**What the exercise asks**
When you write out the listing below, keep each word exactly as it stands and drop the pictures.

**Supplied material**

####################

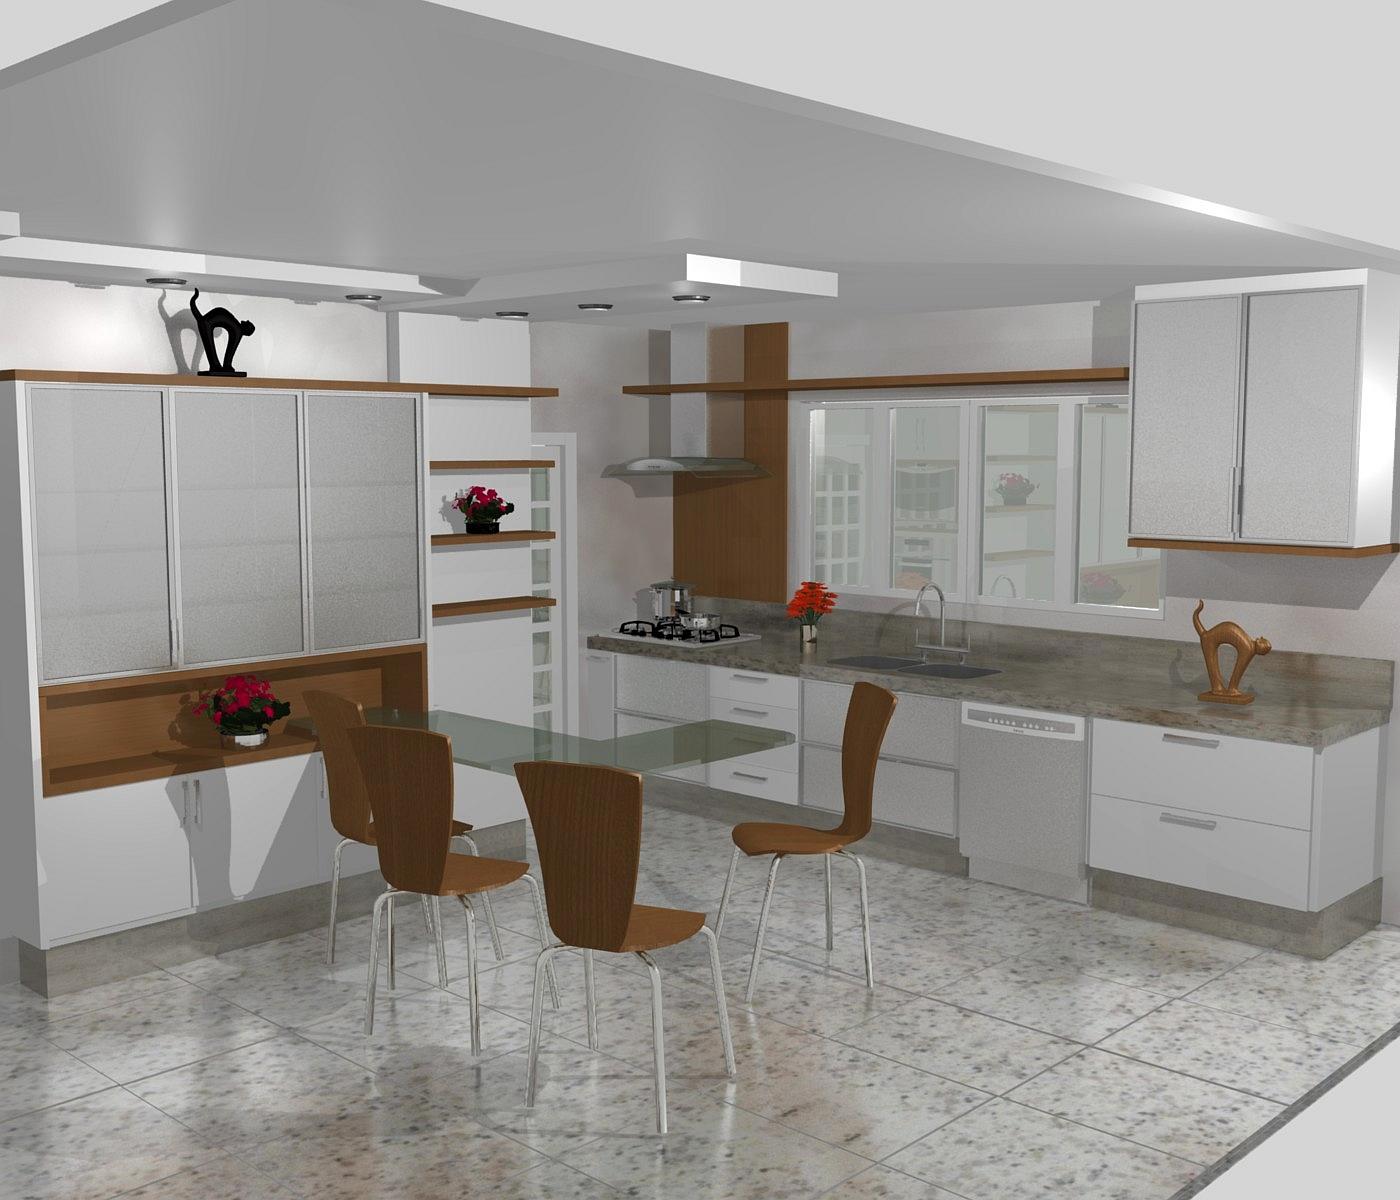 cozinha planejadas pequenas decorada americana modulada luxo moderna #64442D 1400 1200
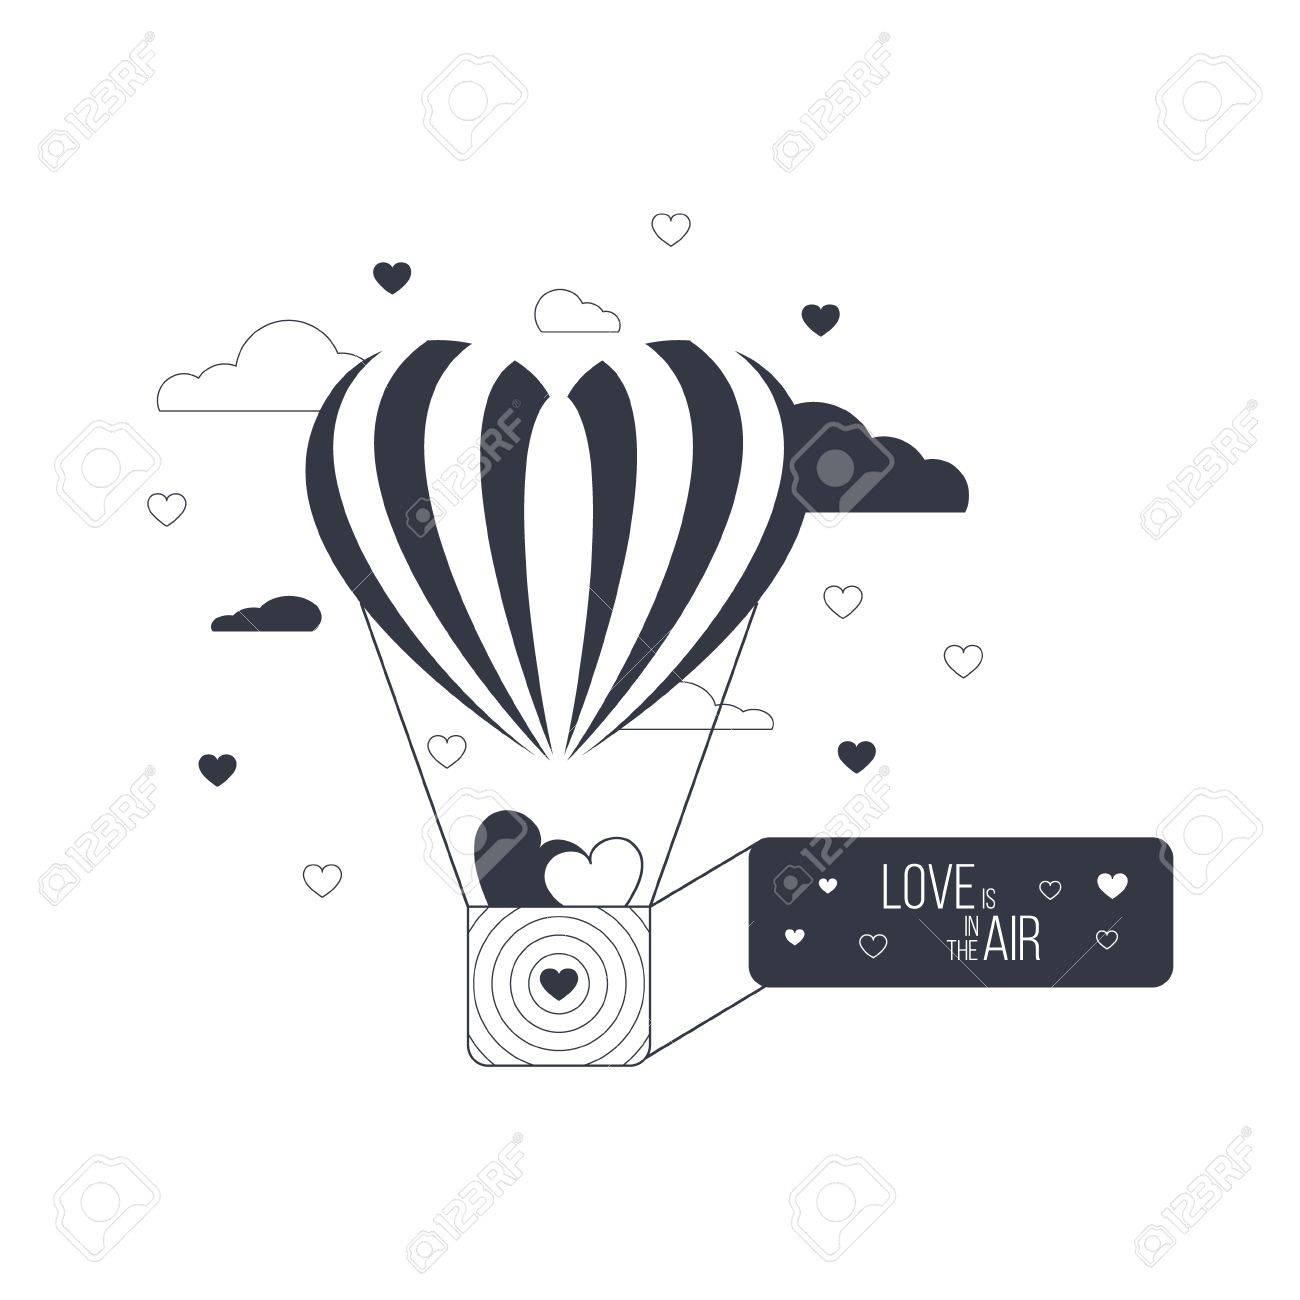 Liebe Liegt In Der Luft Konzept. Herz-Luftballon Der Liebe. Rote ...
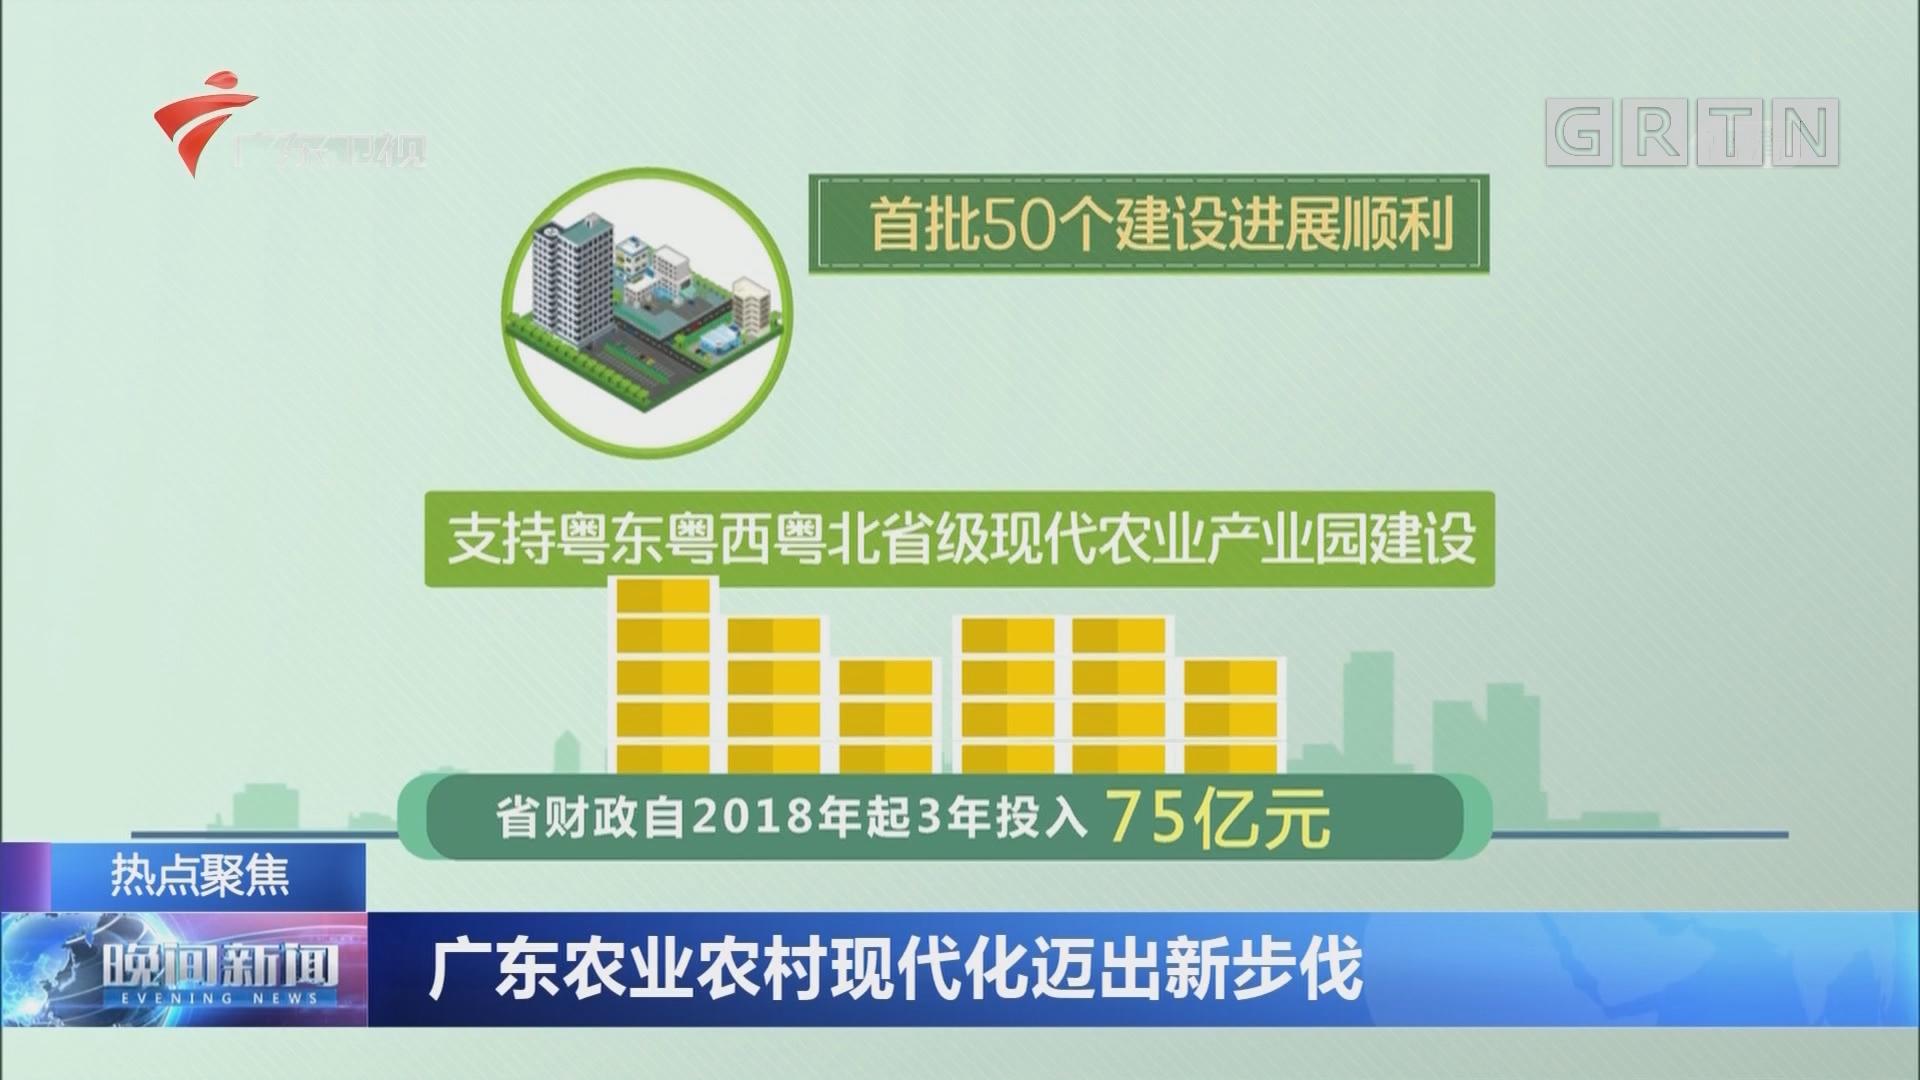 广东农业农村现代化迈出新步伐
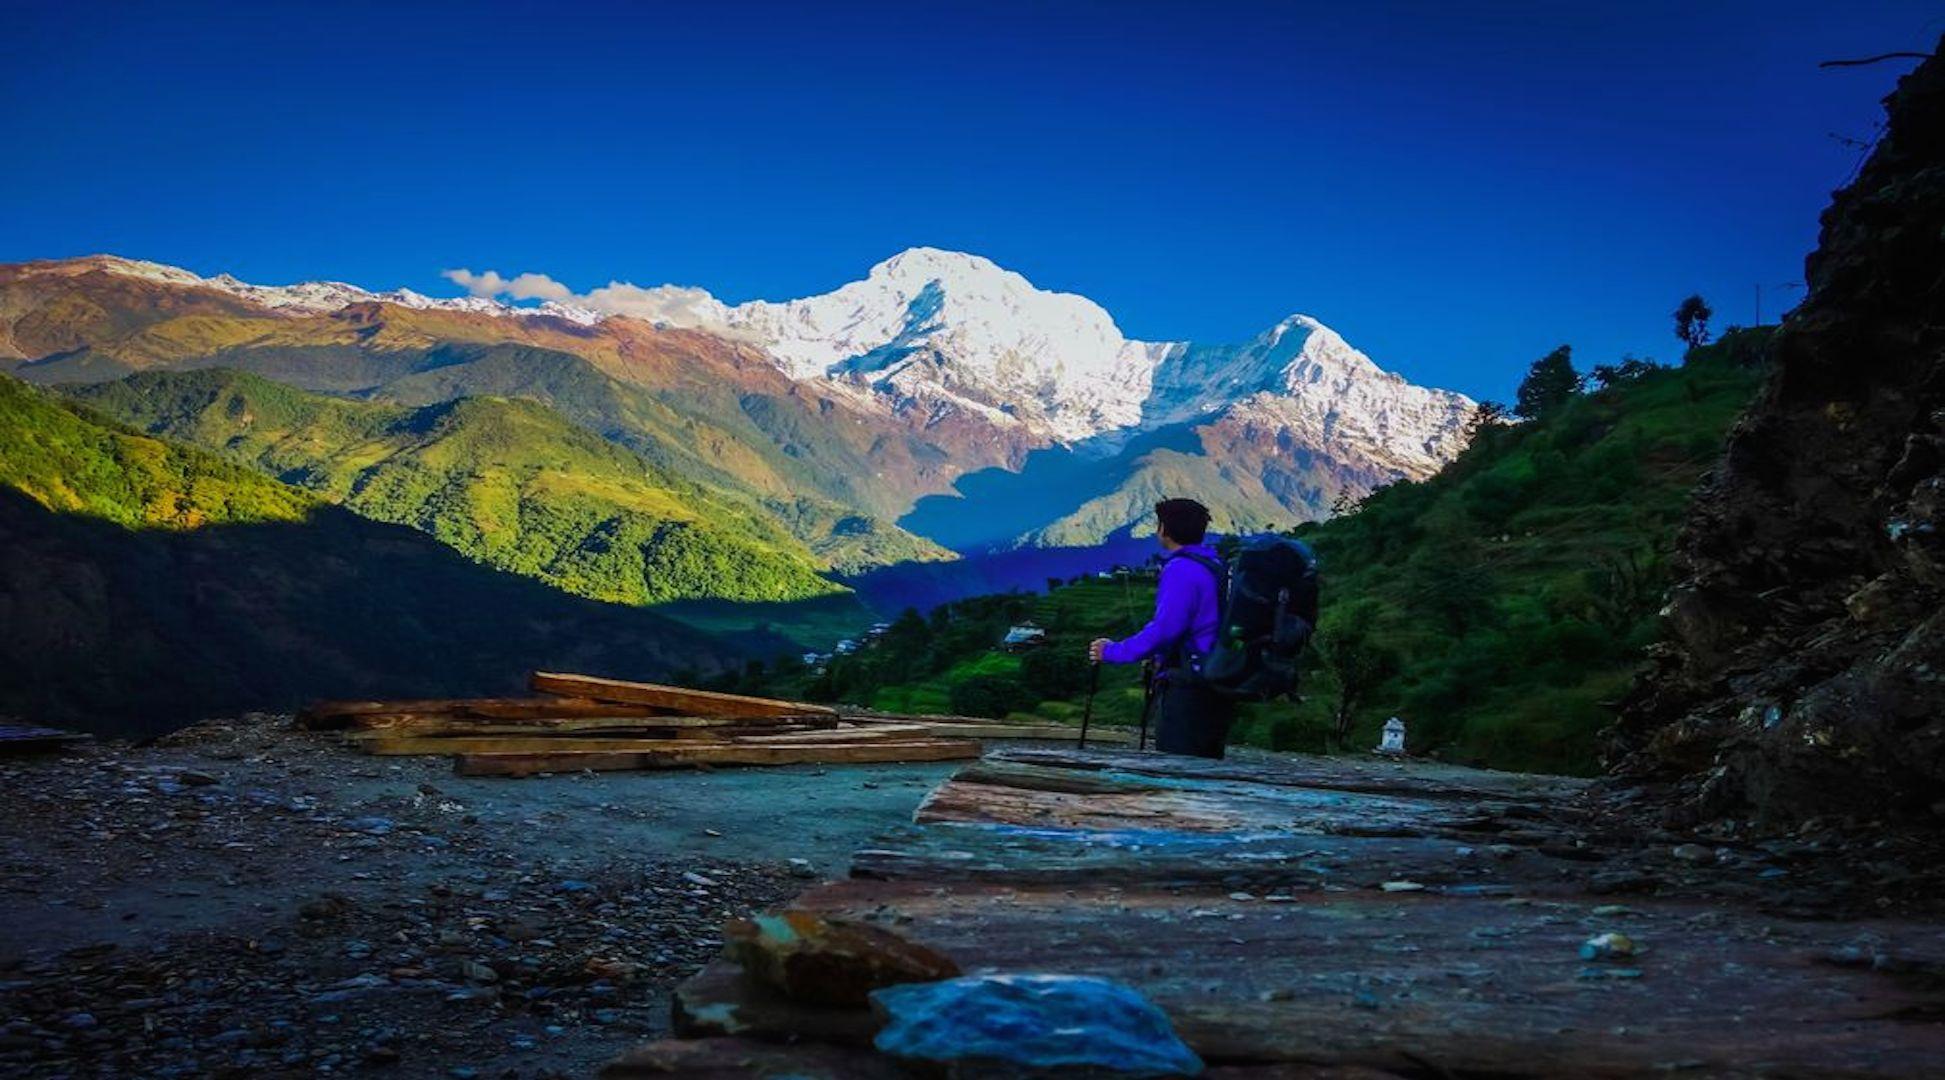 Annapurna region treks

####################

**Your solution**
 cozinha planejadas pequenas decorada americana modulada luxo moderna #64442D 1400 1200
 Liebe Liegt In Der Luft Konzept. Herz-Luftballon Der Liebe. Rote ...
 广东农业农村现代化迈出新步伐
 Annapurna region treks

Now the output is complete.